■ WORK TO BE COMPLETED:
Output every record exactly, and nothing more.
:: EXTRACTED ENTRIES ::
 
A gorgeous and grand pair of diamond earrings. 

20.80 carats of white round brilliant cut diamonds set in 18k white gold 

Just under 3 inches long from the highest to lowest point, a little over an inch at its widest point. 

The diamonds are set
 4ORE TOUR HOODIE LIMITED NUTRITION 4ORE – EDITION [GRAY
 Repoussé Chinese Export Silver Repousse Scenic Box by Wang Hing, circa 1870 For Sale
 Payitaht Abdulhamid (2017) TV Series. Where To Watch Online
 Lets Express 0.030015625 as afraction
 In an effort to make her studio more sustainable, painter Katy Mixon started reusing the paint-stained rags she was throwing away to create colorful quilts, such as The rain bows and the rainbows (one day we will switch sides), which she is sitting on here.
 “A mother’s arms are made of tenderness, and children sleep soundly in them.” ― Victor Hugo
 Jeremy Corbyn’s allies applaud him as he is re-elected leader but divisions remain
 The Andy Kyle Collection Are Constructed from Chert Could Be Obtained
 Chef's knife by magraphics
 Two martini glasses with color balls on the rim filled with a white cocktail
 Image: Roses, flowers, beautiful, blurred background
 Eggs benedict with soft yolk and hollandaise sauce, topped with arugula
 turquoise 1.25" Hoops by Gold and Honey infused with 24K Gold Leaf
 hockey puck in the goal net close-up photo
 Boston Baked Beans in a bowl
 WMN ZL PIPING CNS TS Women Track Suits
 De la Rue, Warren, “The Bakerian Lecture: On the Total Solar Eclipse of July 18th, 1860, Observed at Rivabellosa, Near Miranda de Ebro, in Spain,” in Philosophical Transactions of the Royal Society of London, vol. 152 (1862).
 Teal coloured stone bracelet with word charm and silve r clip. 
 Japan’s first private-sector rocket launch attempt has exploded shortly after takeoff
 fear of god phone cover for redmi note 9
:::
■ OUTPUT FOR THIS EXERCISE:
A gorgeous and grand pair of diamond earrings. 

20.80 carats of white round brilliant cut diamonds set in 18k white gold 

Just under 3 inches long from the highest to lowest point, a little over an inch at its widest point. 

The diamonds are set
 4ORE TOUR HOODIE LIMITED NUTRITION 4ORE – EDITION [GRAY
 Repoussé Chinese Export Silver Repousse Scenic Box by Wang Hing, circa 1870 For Sale
 Payitaht Abdulhamid (2017) TV Series. Where To Watch Online
 Lets Express 0.030015625 as afraction
 In an effort to make her studio more sustainable, painter Katy Mixon started reusing the paint-stained rags she was throwing away to create colorful quilts, such as The rain bows and the rainbows (one day we will switch sides), which she is sitting on here.
 “A mother’s arms are made of tenderness, and children sleep soundly in them.” ― Victor Hugo
 Jeremy Corbyn’s allies applaud him as he is re-elected leader but divisions remain
 The Andy Kyle Collection Are Constructed from Chert Could Be Obtained
 Chef's knife by magraphics
 Two martini glasses with color balls on the rim filled with a white cocktail
 Image: Roses, flowers, beautiful, blurred background
 Eggs benedict with soft yolk and hollandaise sauce, topped with arugula
 turquoise 1.25" Hoops by Gold and Honey infused with 24K Gold Leaf
 hockey puck in the goal net close-up photo
 Boston Baked Beans in a bowl
 WMN ZL PIPING CNS TS Women Track Suits
 De la Rue, Warren, “The Bakerian Lecture: On the Total Solar Eclipse of July 18th, 1860, Observed at Rivabellosa, Near Miranda de Ebro, in Spain,” in Philosophical Transactions of the Royal Society of London, vol. 152 (1862).
 Teal coloured stone bracelet with word charm and silve r clip. 
 Japan’s first private-sector rocket launch attempt has exploded shortly after takeoff
 fear of god phone cover for redmi note 9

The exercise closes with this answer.